Unconventional/complex reservoirs

Machine Learning Optimizes Production in an Unconventional Reservoir

The paper investigates estimation of optimal design variables that maximize net present value for life-cycle production optimization during a single-well CO2 huff ‘n’ puff process in unconventional oil reservoirs.

Reservoir model and grid system
Fig. 1—Reservoir model and grid system. (a) 3D grid; cross-sectional view. (b) 2D grid; areal view.
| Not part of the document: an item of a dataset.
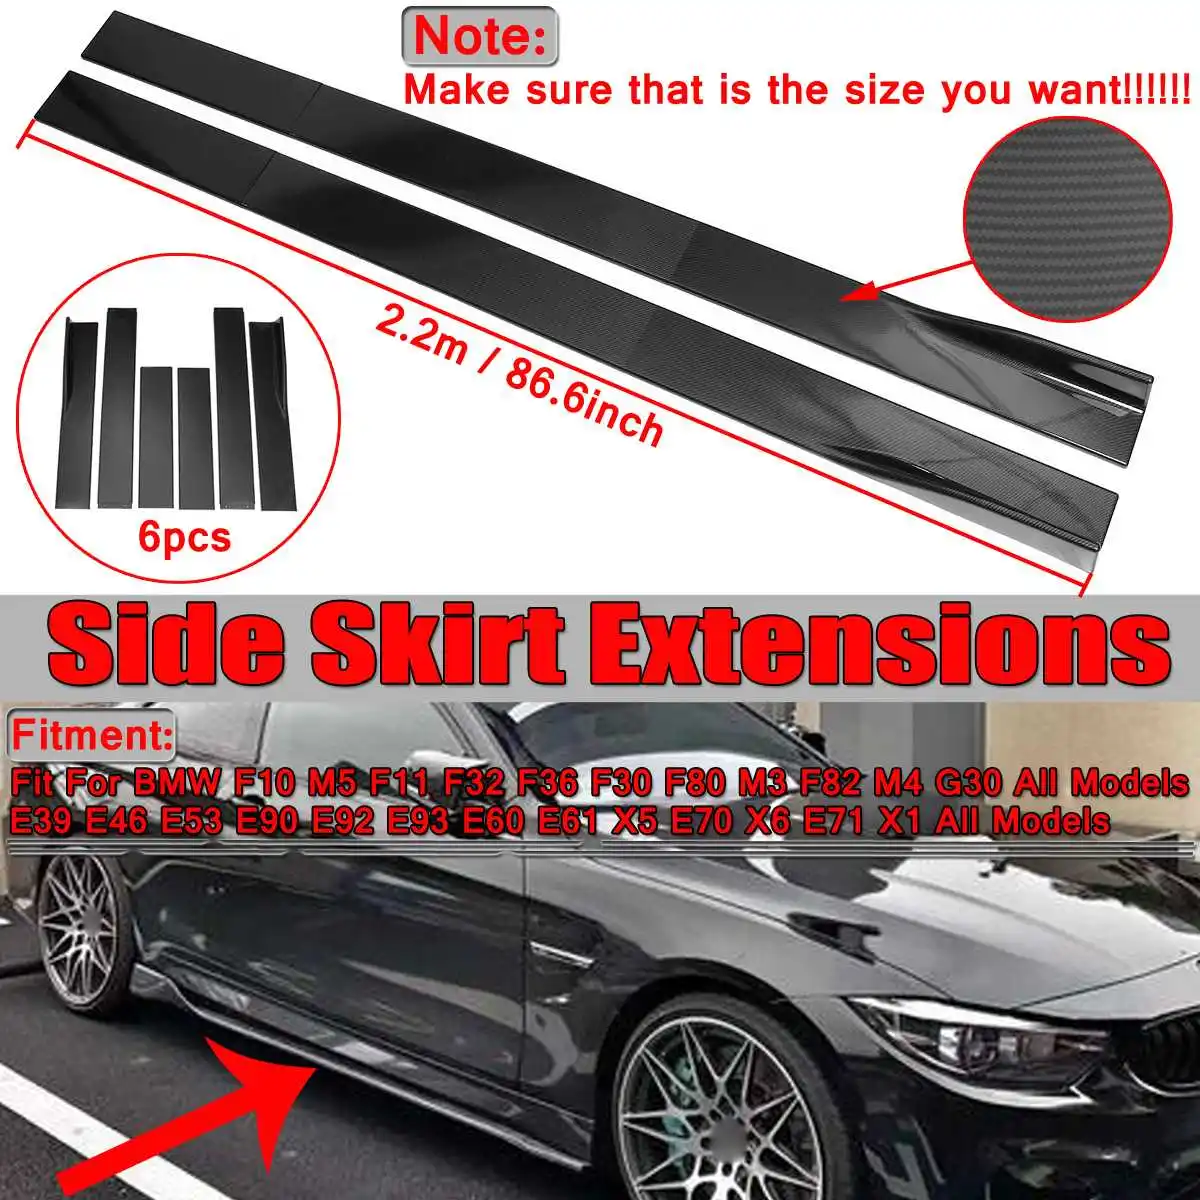 2.2m Carbon Fiber Look Universal Car Side Skirt Winglet Extensions Rocker Splitters For BMW F30 F80 F82 M4 F32 F36 E90 E92 F10 Color : Black

The complete paper investigates the efficient estimation of optimal design variables that maximize net present value (NPV) for life-cycle production optimization during a single-well carbon dioxide (CO2) huff ‘n’ puff (HnP) process in unconventional oil reservoirs. The NPV is calculated by a machine-learning (ML) proxy model trained to approximate the NPV that would be calculated from a reservoir simulator run. The ML proxy model can be obtained with either least-squares support vector regression (LS-SVR) or Gaussian process regression (GPR).

Introduction

The design variables considered in this study include CO2 injection rate, production bottomhole pressure (BHP), duration of the injection, and duration of production time for each cycle. To the best of the authors’ knowledge, the complete paper represents the first study that considers the life-cycle optimization problem for a hydraulically fractured well in unconventional oil formations by using two different ML-based methods.

Modeling and Sensitivity Analysis

Reservoir and Fluid Model.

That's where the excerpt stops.